Е. В. Малышкин. Эротика неустойчивых сообществ: опыт прочтения платоновского «Пира»*

 2,527 просмотров за всё время,  1 просмотров сегодня

Аннотация/Annotation

Аннотация: В статье вводится понятие неизбывного, каковое не убывает, если им поделиться. Показывается, что есть два счета и две экономики неизбывного. Это понятие сближается с понятиями могущества и эротики – так, как они развернуты в диалоге Платона «Пир». Указывается, что если принять во внимание разнообразие форм неизбывного, то весь диалог предстает не как последовательное обучение восхождению к небесному Эроту, но – как рассказ об Эроте, способном не только соединять разнородные и неустойчивые сообщества вокруг множественности эротического, но и ставший возобновляющейся темой обсуждения в «Пире».

Ключевые слова: распределение знания, экономика неизбывности, эрос

E. V. Malishkin

Eroticism of unstable communities: reading experience of platinic «Feast»

Annotation: The article introduces the concept of the permanent: what is not decrease if we share by it. It is shown that there are two accounts and two economies of the permanent. This concept comes close to the concept of power and eroticism – as they are deployed in Plato’s dialogue «Symposion». The paper demonstrates, that if we take into account the diversity of forms of the permanent, then the whole dialogue does not appear as consistent learning to ascend to the heavenly Eros, but as a story about Eros, who able to connect different and unstable communities.

Keywords: distributed knowledge, sharing economy, Eros

[свернуть]

 

Говорить о понятии эротики в философии Платона трудно, поскольку тема уже слишком обширна, исследования ее необозримы. Чтобы облегчить себе эту задачу, я бы хотел ввести термин, который и похож, и не похож на понятие идеи у Платона. Этот термин – неизбывное, то есть такое, поделившись чем, у тебя не убудет. Если я поделюсь яблоком, то яблока станет меньше, а вот печали, или радости, меньше не становится. Для неизбывности неважно, является ли его ресурс неисчерпаемым по некоему заведомому счету. Но нельзя утверждать и того, что неизбывность никак не связана с тратами. Так, щедрость делает щедрого богаче, даже если богатство, которым он поделился, невелико. И все же щедрость заканчивается вместе с богатством. Неизбывное подобно вечным и непреходящим эйдосам в том, что, вспоминая о неизбывном, мы оказываемся причастны самой неизбывности и неподобно в том, что само неизбывное все же может кончиться.

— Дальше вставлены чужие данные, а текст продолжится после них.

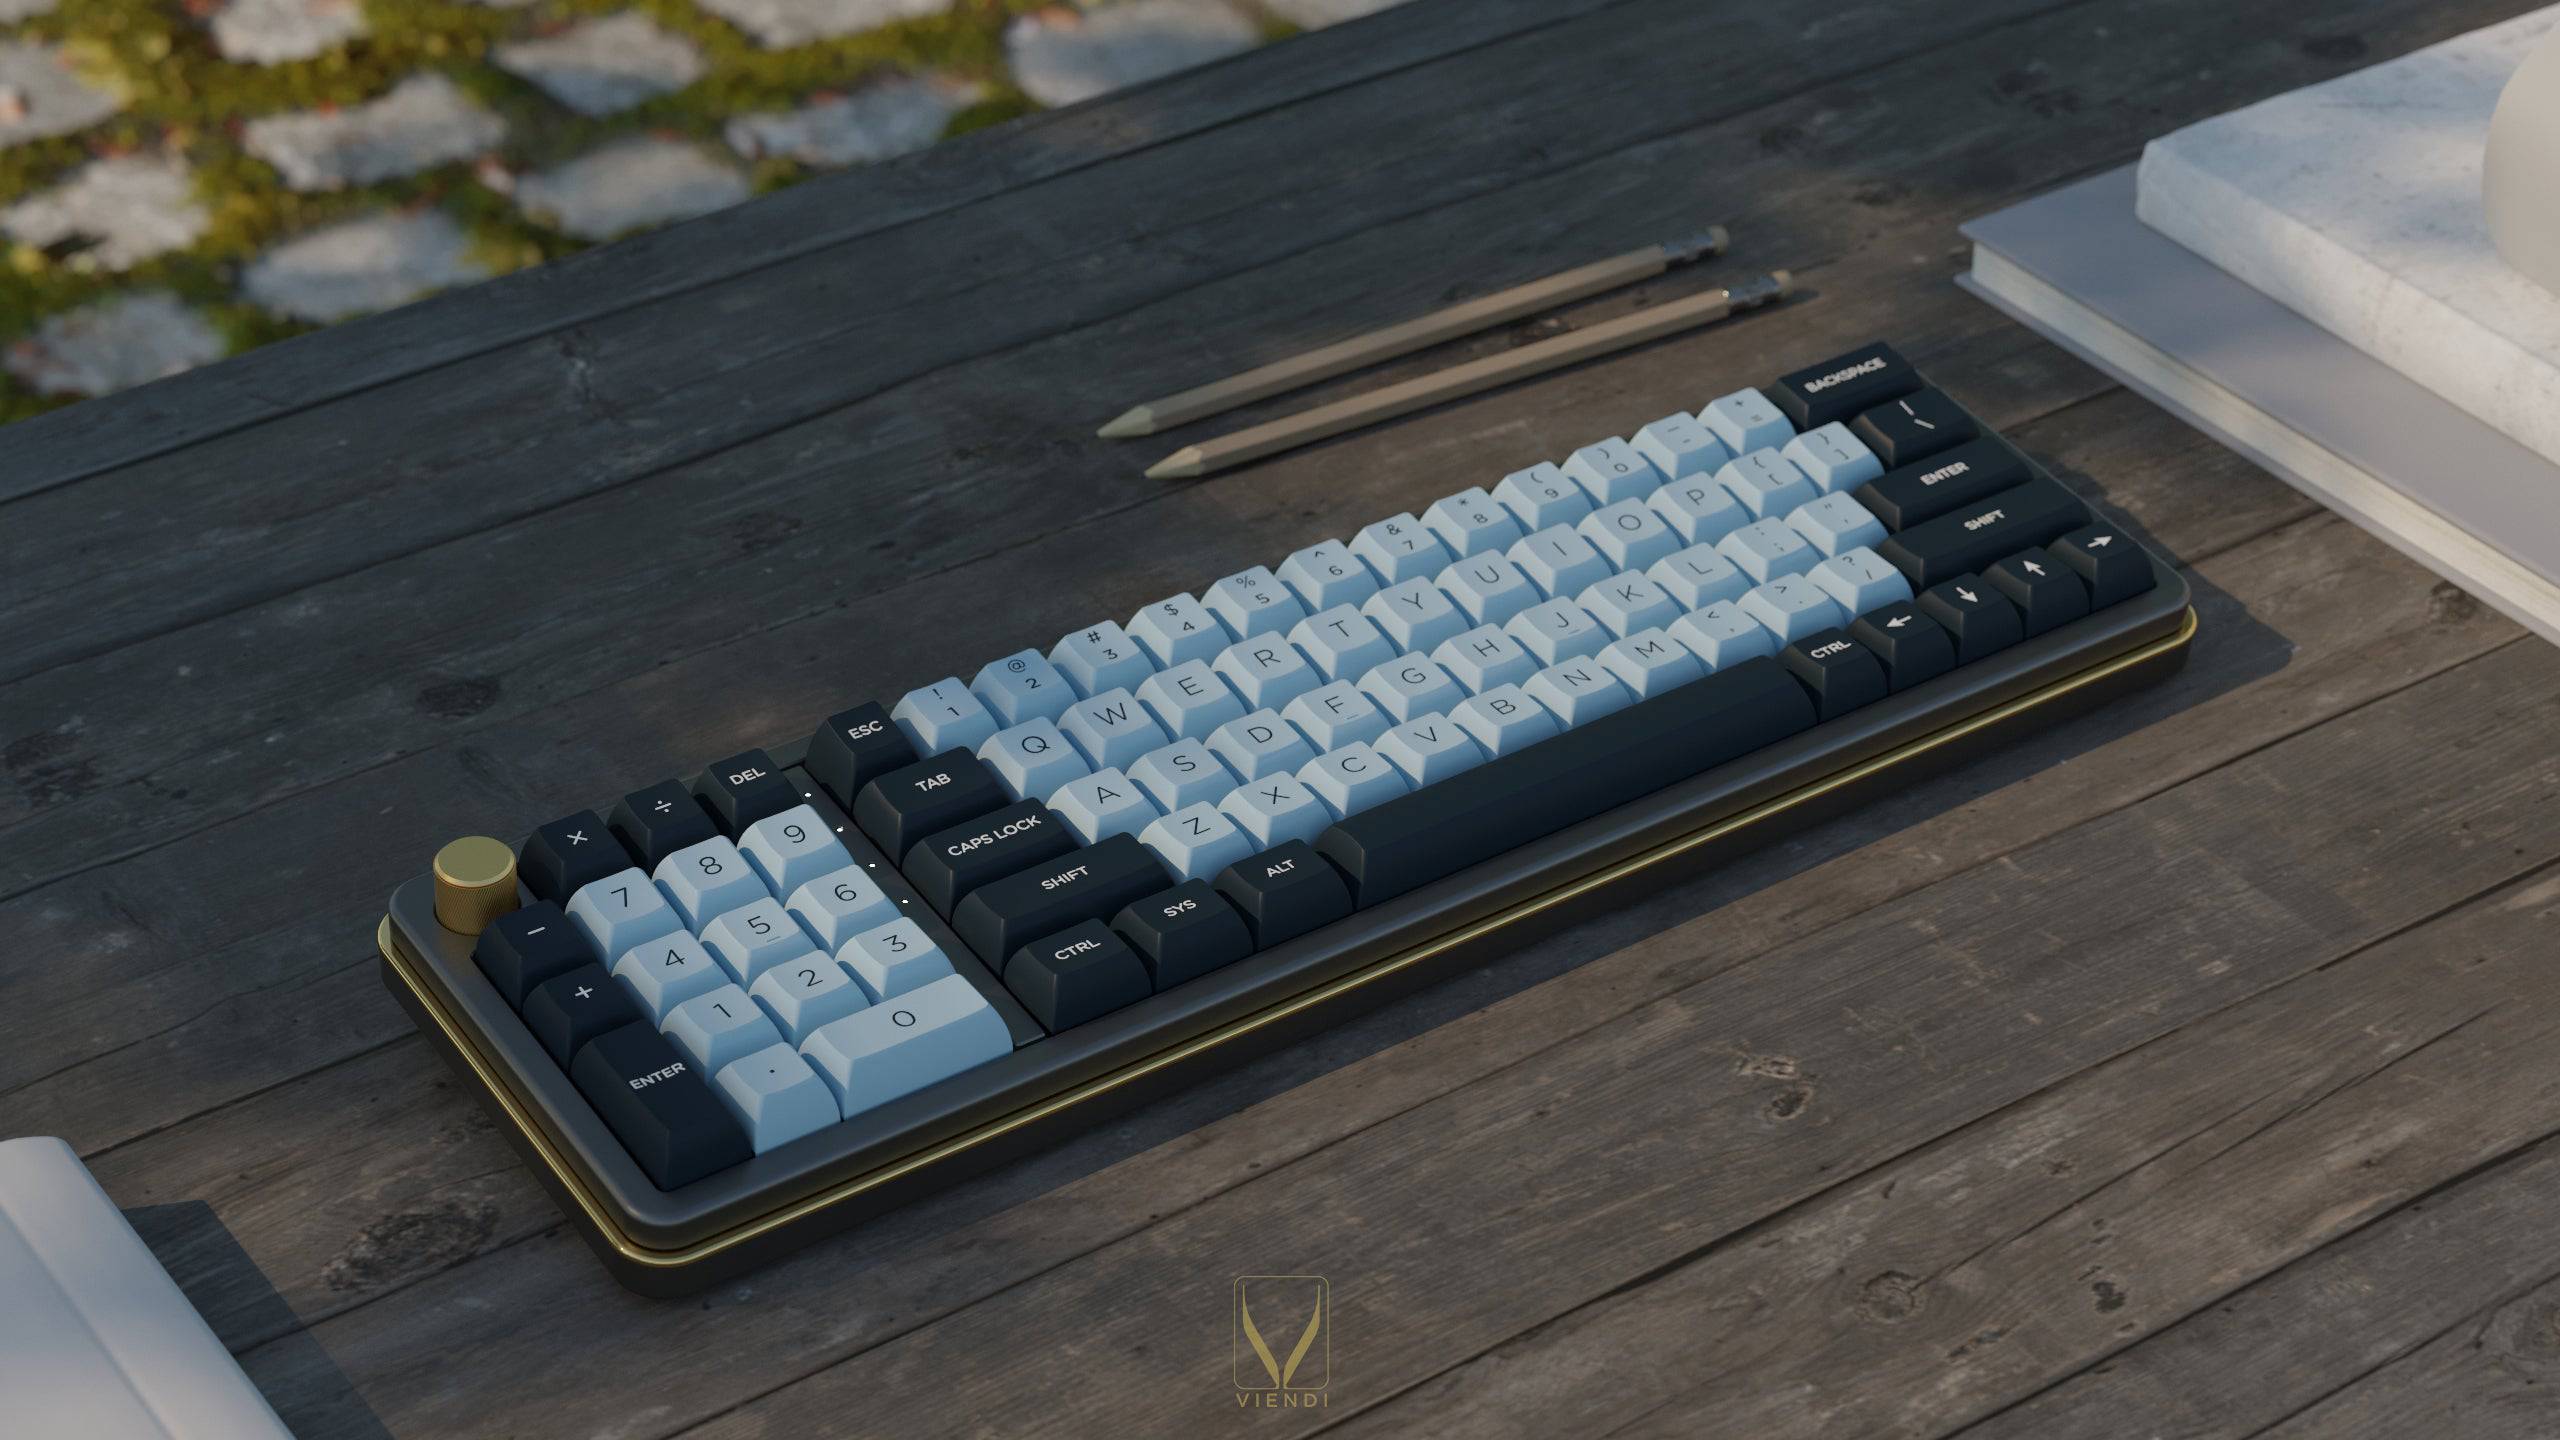 Viendi 8L keyboard shown in the Shadow color variant proxied by KeebsForAll

Красота, добродетель, мужество, даже жизнь – все предметы, условно говоря, ранних диалогов Платона являются рассказами о неизбывном. Во фразе, которая приписывается Б. Шоу, речь идет об идее (если у меня есть яблоко и я поделюсь им, то у меня яблока не станет. Если же у каждого из нас есть по идее, то, поделившись ими, у каждого будет по две идеи). В этом высказывании имеется в виду не идея сущего, а задумка, проект, выдумка − такая активность, которая кажется нам неисчерпаемой, когда создаем и выдумываем. Мы знаем, неким задним числом, что идеи могут иссякнуть, а любовь – остыть, но это задним числом, особым счетом. Ведь когда любим, придумываем, ленимся, любуемся, тогда эти действия предстают перед нами как бы в некоем другом знании и другом счете, как неизбывные, а неизбывность сладка. Когда же мы принимаем, что счетов действительно два, то неизбывное оказывается двойственным: есть счет, в котором богатство – это предмет рачительного попечения, и есть другой счет, в котором неизбывное неизбывно, и тогда предметом счета оказываются не богатство расходуемое, а богатство, разделяемое с другими. Богатство разделяемое и богатство трат – это два разных богатства и, соответственно, две разных экономики.

Платоновский, в школьном его изводе, вопрос, звучит так: что есть сущность (ousia, т. е. богатство, имущество), каковая делает богатым всякого богатого? В этом вопросе экономика недостатка подчинена экономике неизбывного, ведь представляется, что неизбывное заведомо лучше оканчивающегося, как если бы в вопросе о богатстве сущего мы руководствовались собственной неизменной жадностью. Хорошо ли задан этот вопрос?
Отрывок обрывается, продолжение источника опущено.